### The data
= = = =
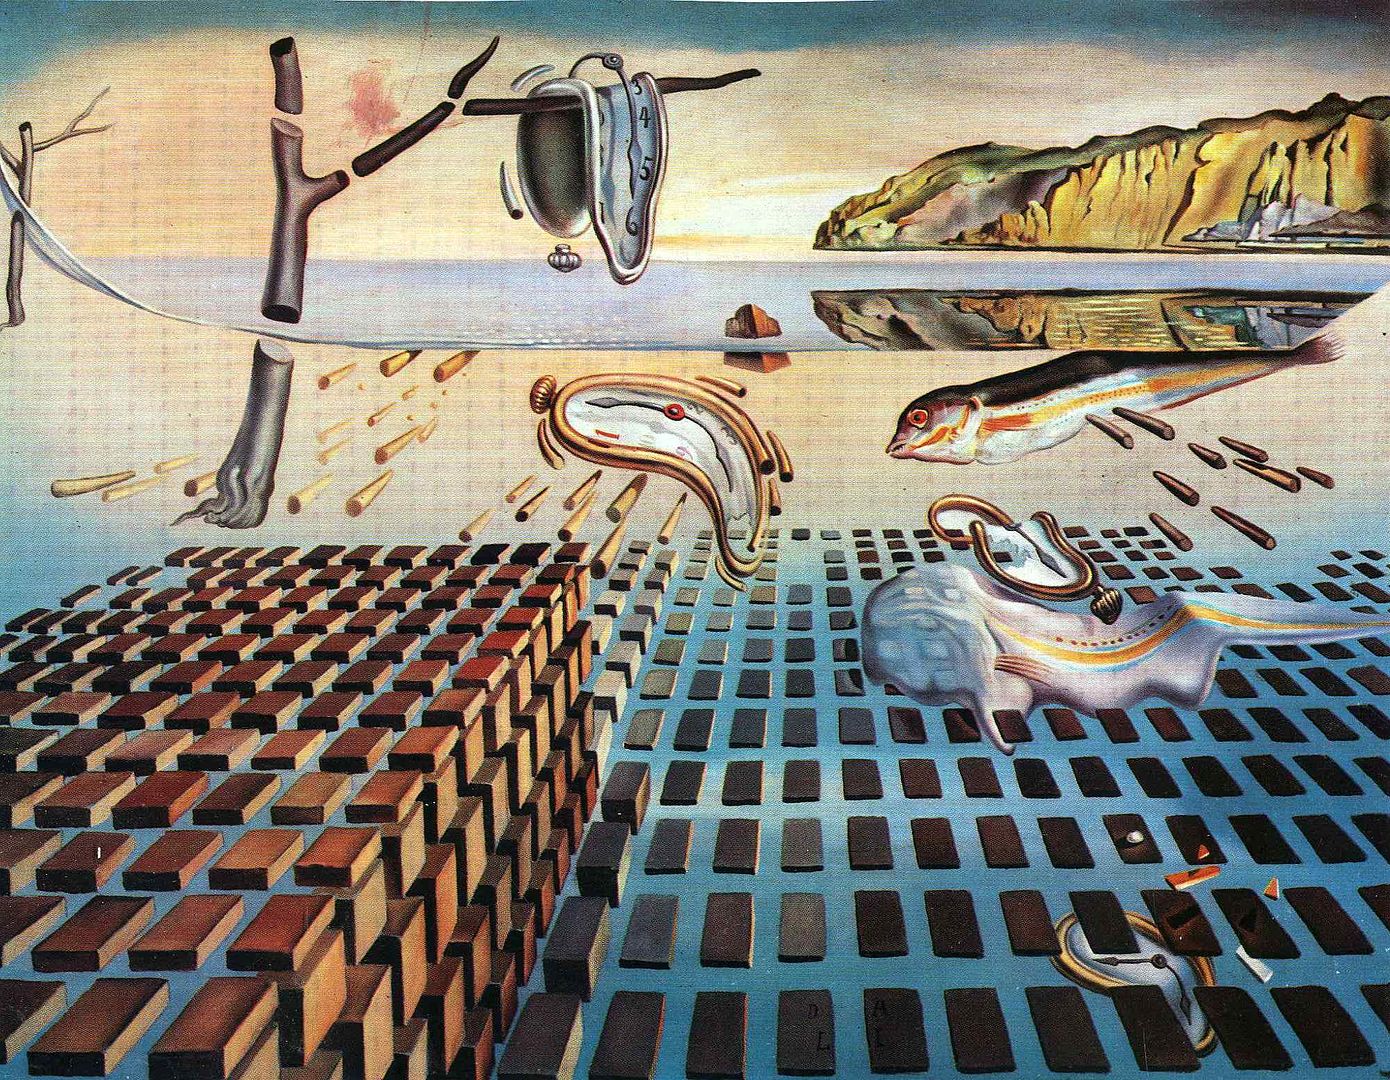 Salvador Dali disintegration memory CANVAS ART PRINT Poster 16"X 12" - Afbeelding 1 van 1
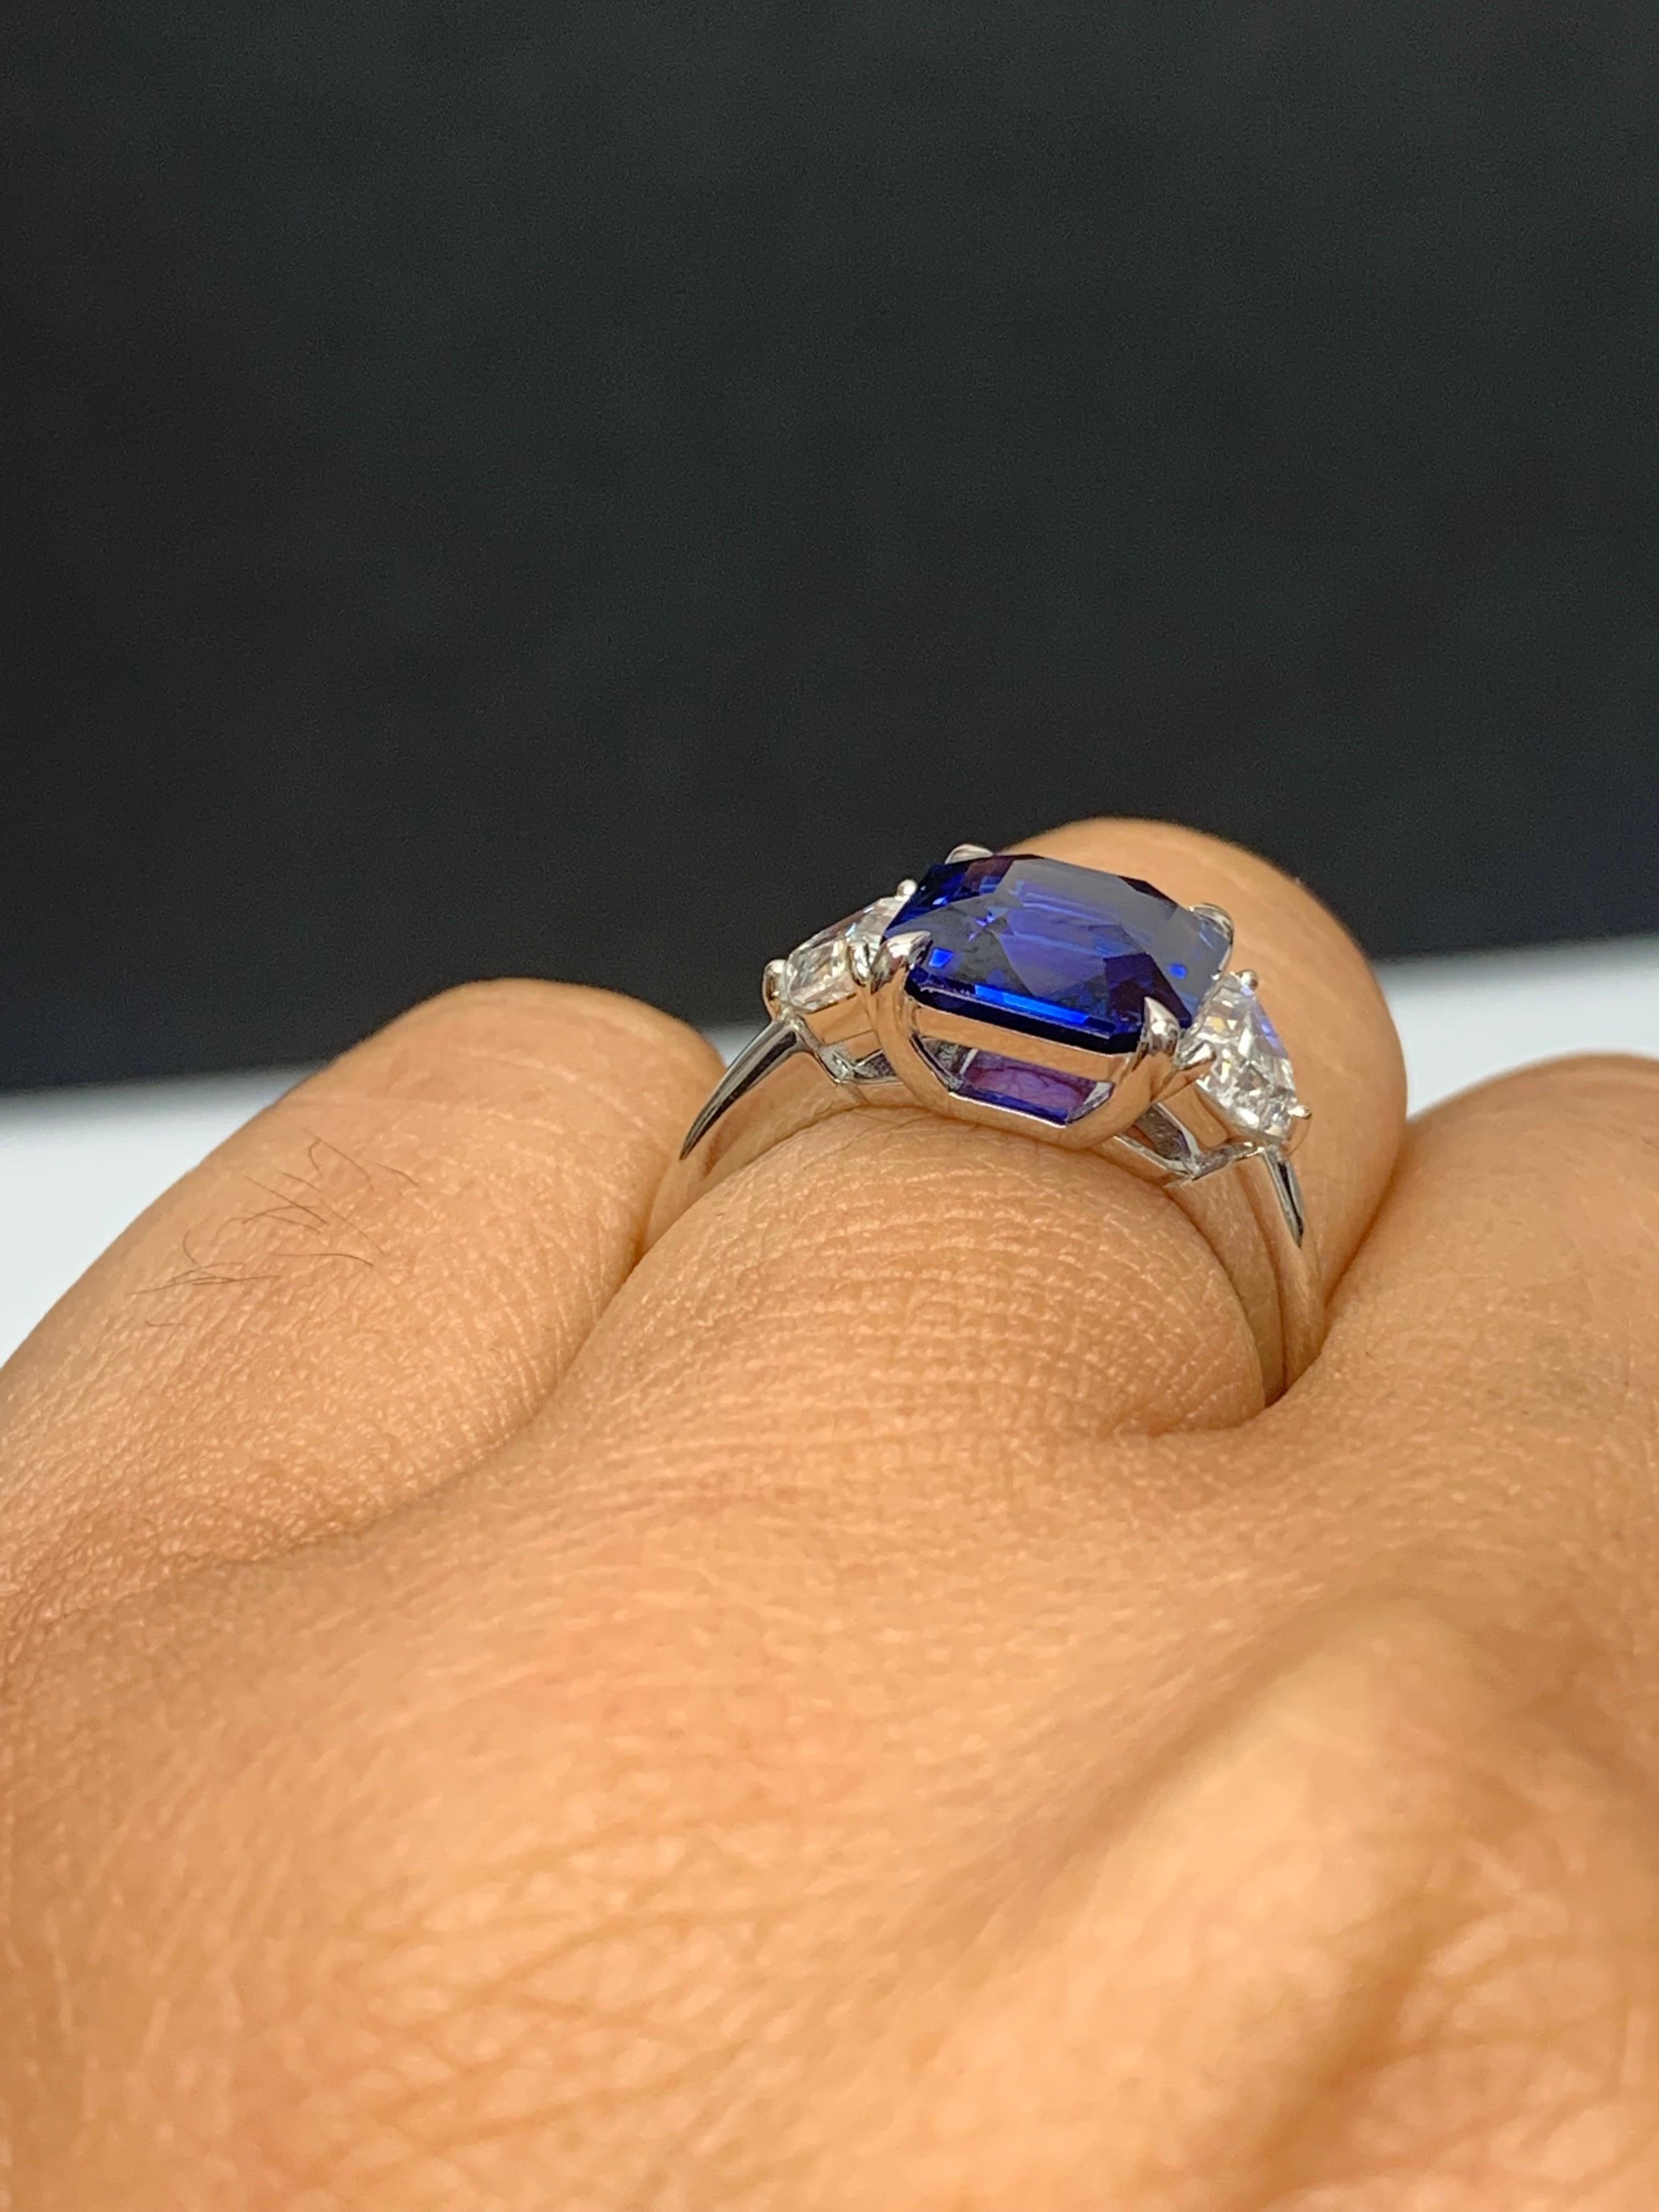 Women's Certified 3.58 Carat Emerald Cut Sapphire & Diamond Engagement Ring in Platinum For Sale
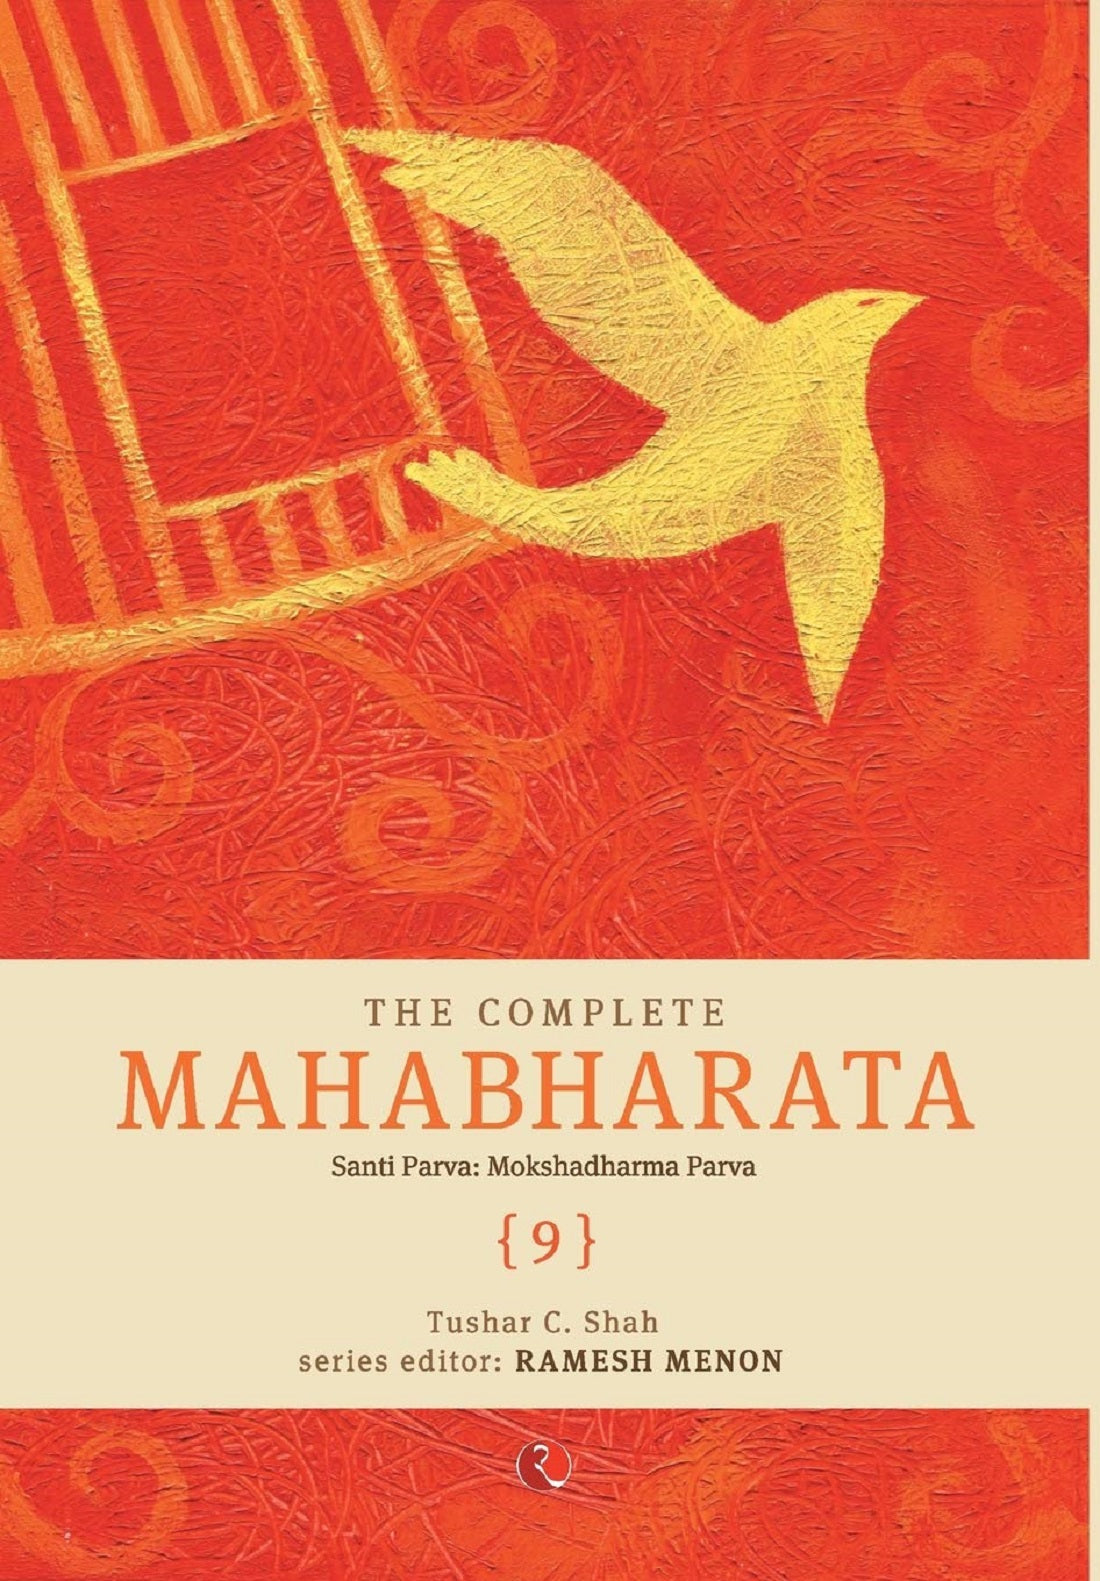 THE COMPLETE MAHABHARATA VOL 9
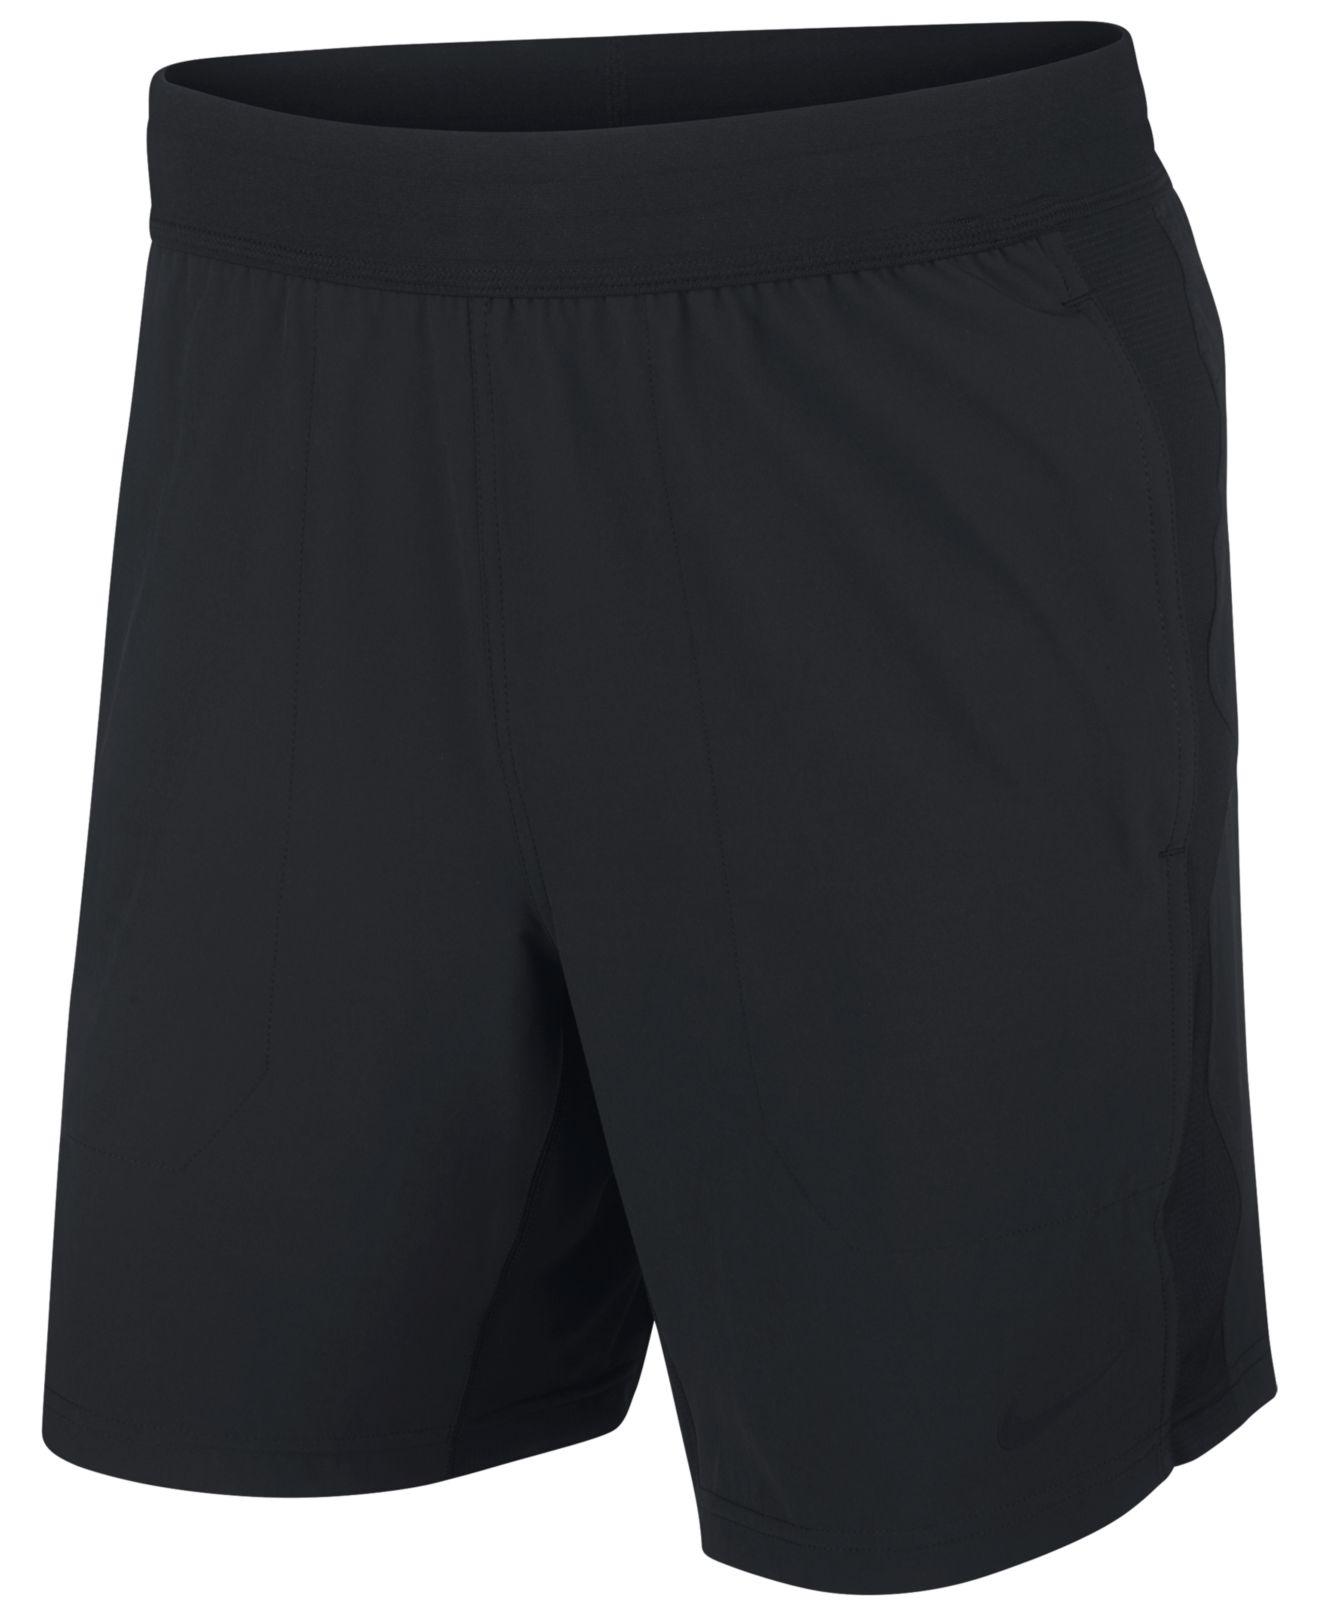 Nike Synthetic Flex Yoga Shorts in Black for Men - Lyst
= = = =
### Task instructions
The expected output is an exact copy of the lines from the one holding "THE COMPLETE MAHABHARATA VOL 9" through the last line of the listing above, with the pictures omitted.

### Answer for this exercise
 THE COMPLETE MAHABHARATA VOL 9
 Nike Synthetic Flex Yoga Shorts in Black for Men - Lyst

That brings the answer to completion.